Perhaps the most revealing line in the outlook, though, is not the supply forecast itself but the continued emphasis on power-sector balancing. National Gas notes that gas-fired generation remained critical during summer 2025, when gas stations were repeatedly called on to raise output quickly, at times by more than 6GW within a few hours, to make up for intermittent renewable generation. That is an important distinction in the current debate. The role of gas in the British system is changing, but it has not disappeared. It is increasingly less about running hard for long periods and more about being available when renewable output shifts, demand moves unexpectedly, or the system needs fast-response support.
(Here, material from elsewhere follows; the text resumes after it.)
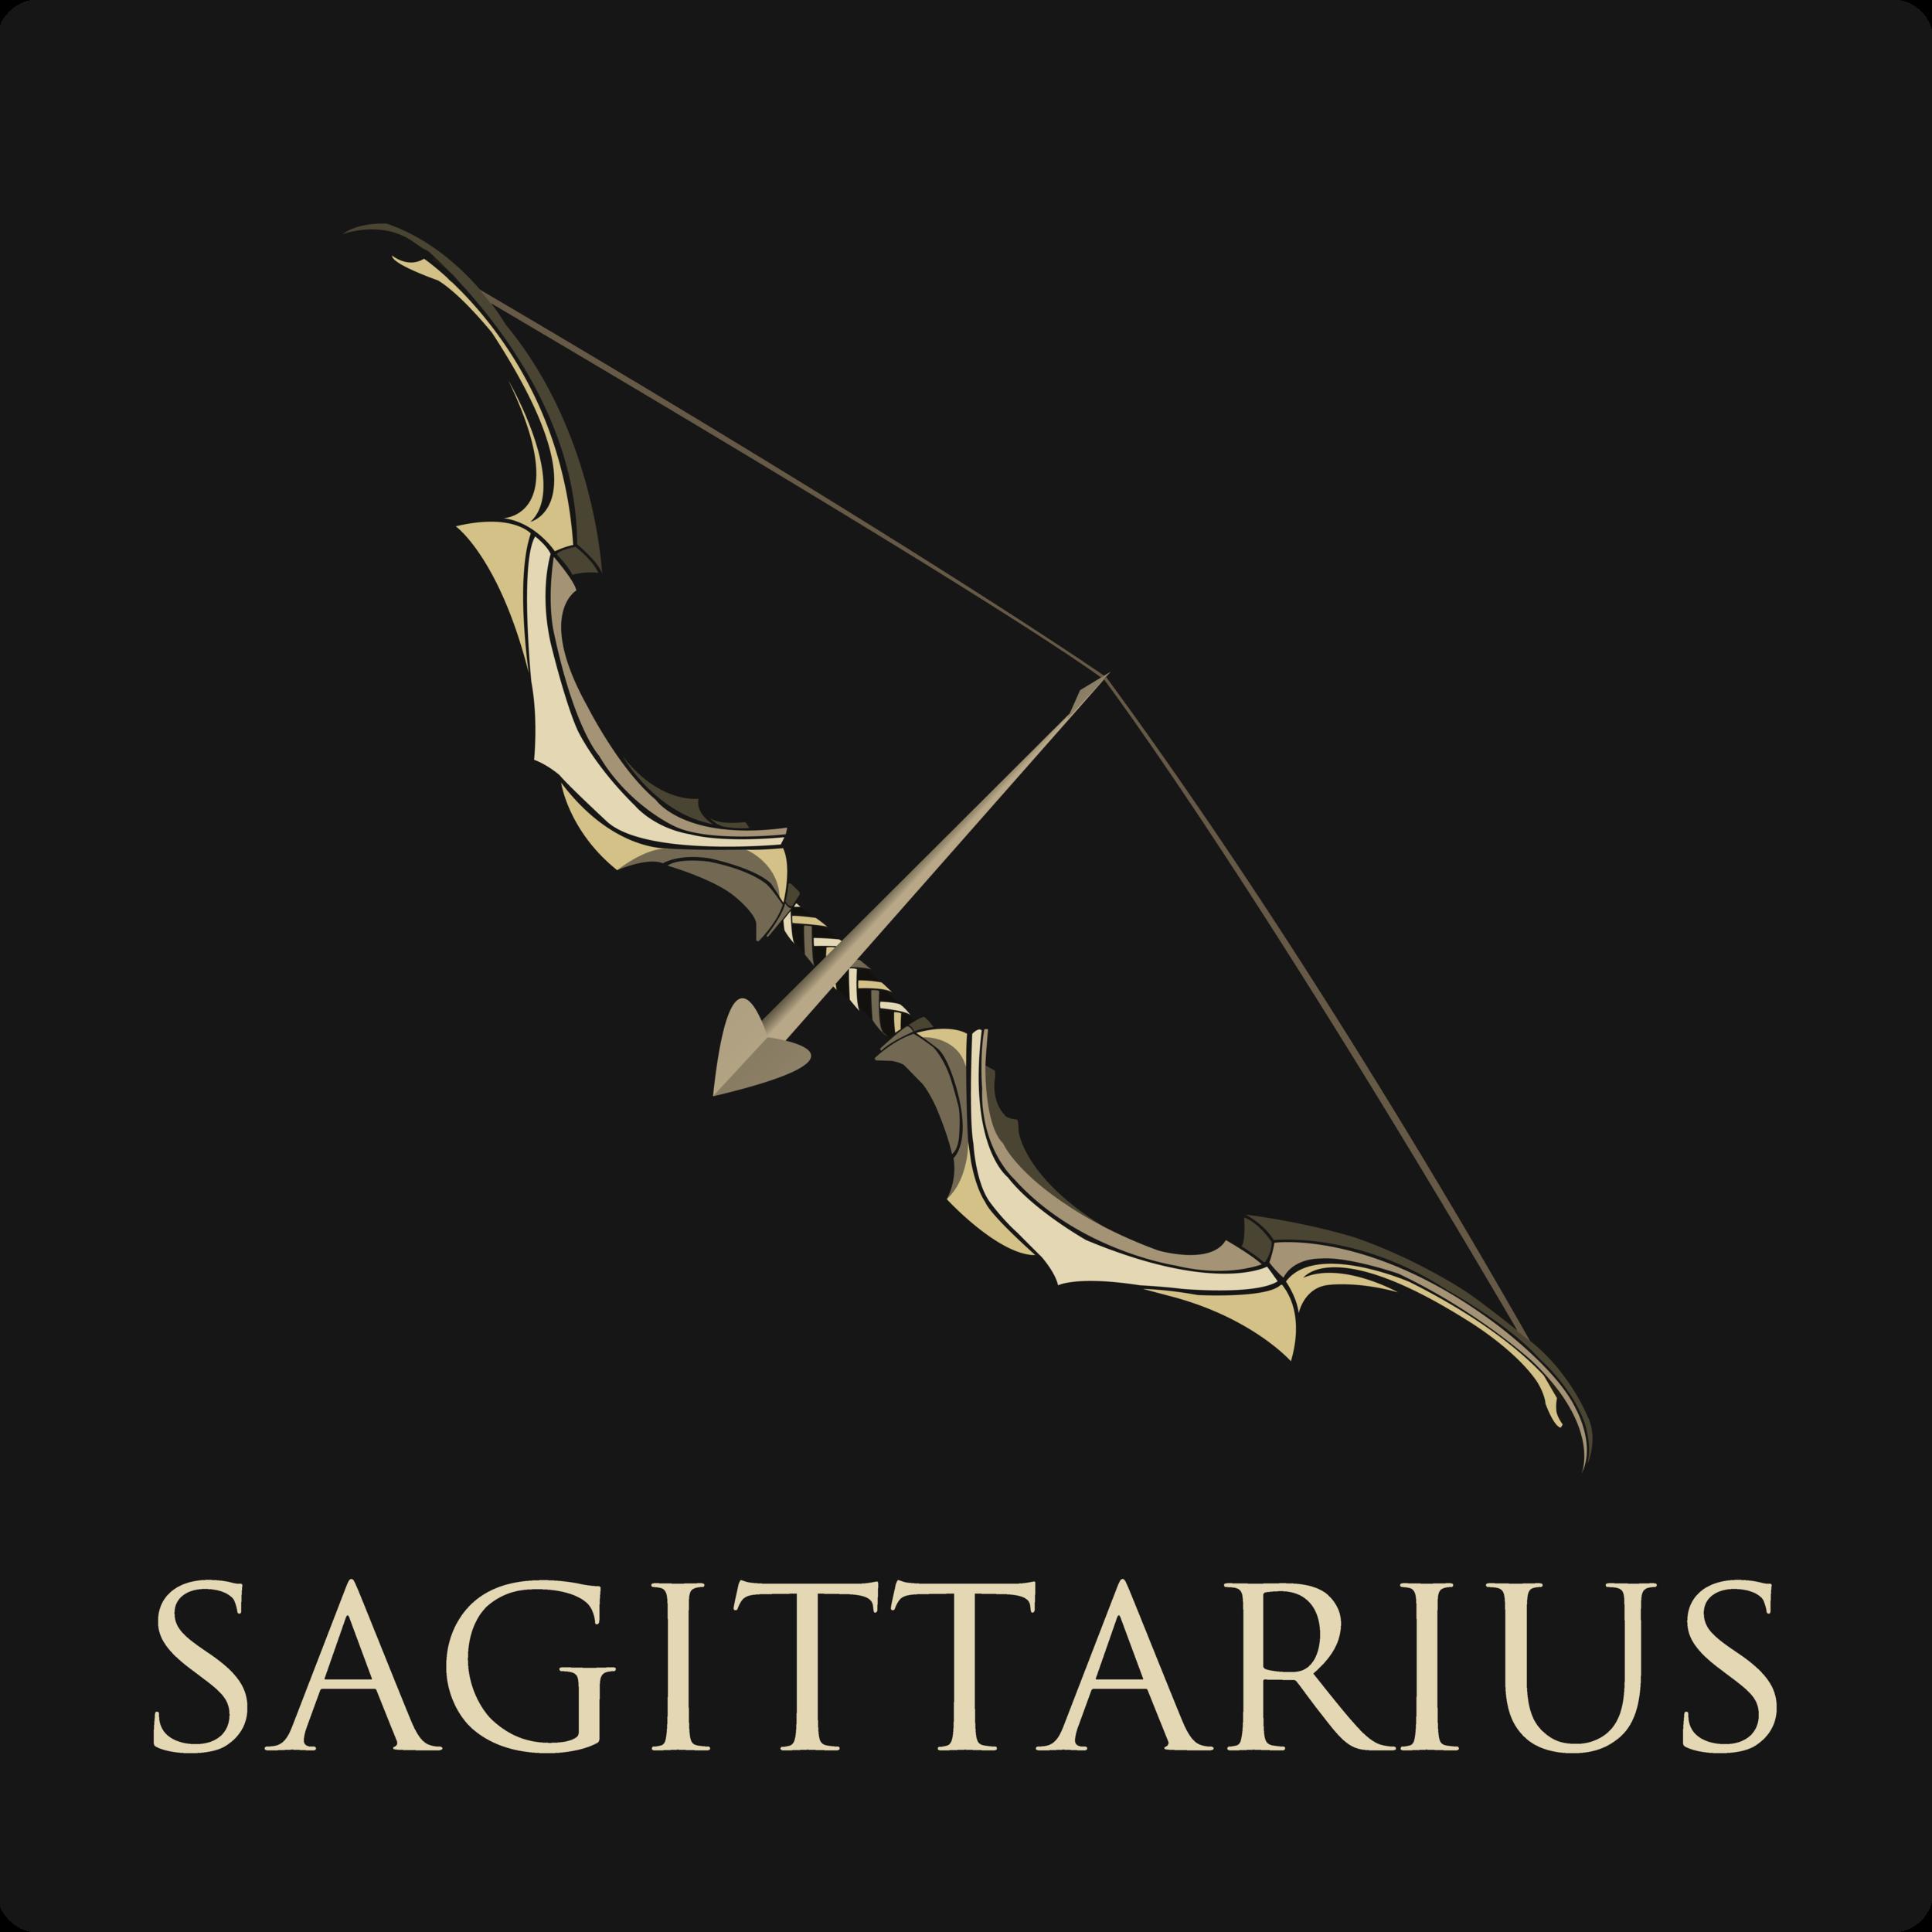 Sagittarius Vector.png

That change is taking place against a power mix that is decarbonising, but not yet detached from gas. UK government energy statistics show renewable technologies supplied a record 152.5TWh of electricity in 2025, accounting for a record 52.5% share of generation, while wind generation also reached a record 87.1TWh. Those figures point in one direction: gas is no longer the central growth story in British power. But they also explain why the transmission network still matters so much. The more variable the electricity system becomes, the more valuable rapid-response flexibility becomes alongside it.
Storage behaviour illustrates the same point. Britain’s gas storage model remains fast-cycling and flexible, with inventories expected to rise and fall through the summer as gas is injected and withdrawn when needed. That differs from the more strategic seasonal refill pattern common in parts of continental Europe. It means Britain’s system is structured less as a large winter stockpile and more as an operational buffer within a dynamic regional market. In that sense, the summer outlook is as much about responsiveness as volume.
It also lands at a moment when the regulatory picture is reinforcing the dual-track nature of the transition. Ofgem has already approved substantial RIIO-3 investment for both gas and electricity networks, while National Gas is separately pushing forward with the first phase of its proposed hydrogen network on the East Coast. Taken together, those developments suggest that the gas network is being asked to do three things at once: maintain present-day security, support an increasingly renewable power system, and begin positioning parts of its infrastructure and expertise for a different low-carbon future. The 2026 Gas Summer Outlook does not change that equation. It simply shows how firmly it now defines the market.